Dainn sat for a few more minutes, making some calls to the relevant specialists and forwarding emails. Then, he stood up and headed to the room Lyla was in.
He opened the door and slipped inside, closing it behind him, and walked to the comfortable hospital bed she was softly snoring in. There were some shoulder injuries and some shallow cuts on her beautiful face that Chiara had put there with her nails. Dainn had enjoyed breaking them and cutting her arm off before snapping her neck. He had zero compunction about killing a woman. Women could be just as, if not more, monstrous than men and he knew that from experience.
He pushed his suit jacket off just as she turned in her sleep and blinked her eyes open lazily.
A smile came over her face, like a ray of light coming through the clouds, and Dainn watched it, almost in a trance.

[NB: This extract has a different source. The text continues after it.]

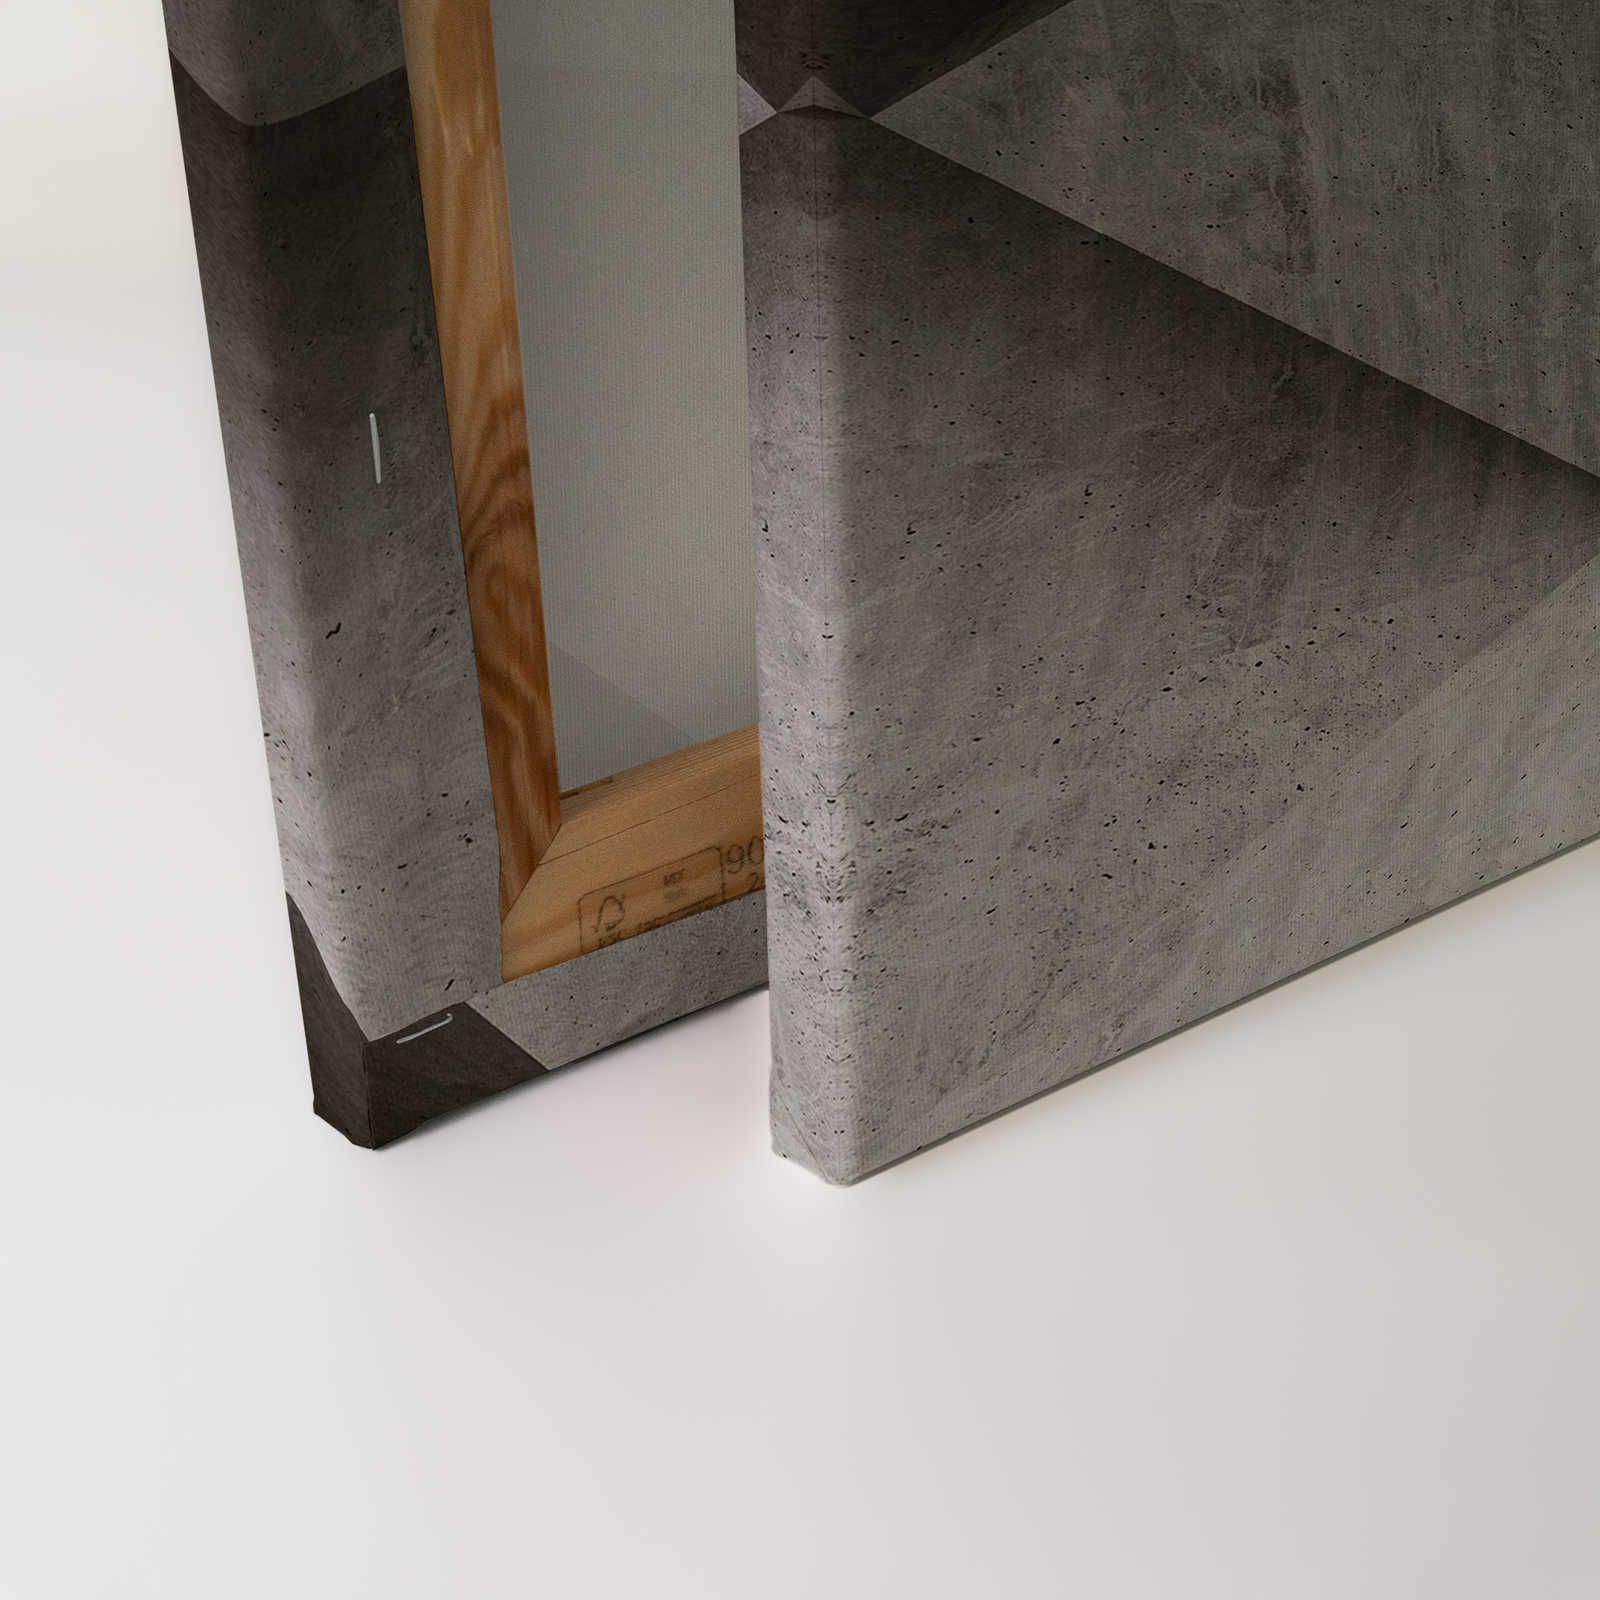             Boulder 1 - Pittura su tela con poligoni di cemento 3D - 0,90 m x 0,60 m

‘Come to bed,’ she mumbled out, probably forgetting that she was in a hospital or anything that had happened. Dainn wasn’t going to remind her.
He pushed off his shoes and slipped into bed next to her, the space tight with his size and the bed too small for both of them. She didn’t care, turning into his chest and snuggling into him like a cold creature seeking warm comfort, and Dainn felt like he was taking his first full breath in days. He wrapped his arms around her, listening to her starting that soft snore again, her lips parted and breaths falling on his chest, warming the one place that had always been glacial.
He pressed a soft kiss to her head, closing his eyes and embracing the darkness that enveloped him.
Darkness was a house he lived in, but she was home. He was home.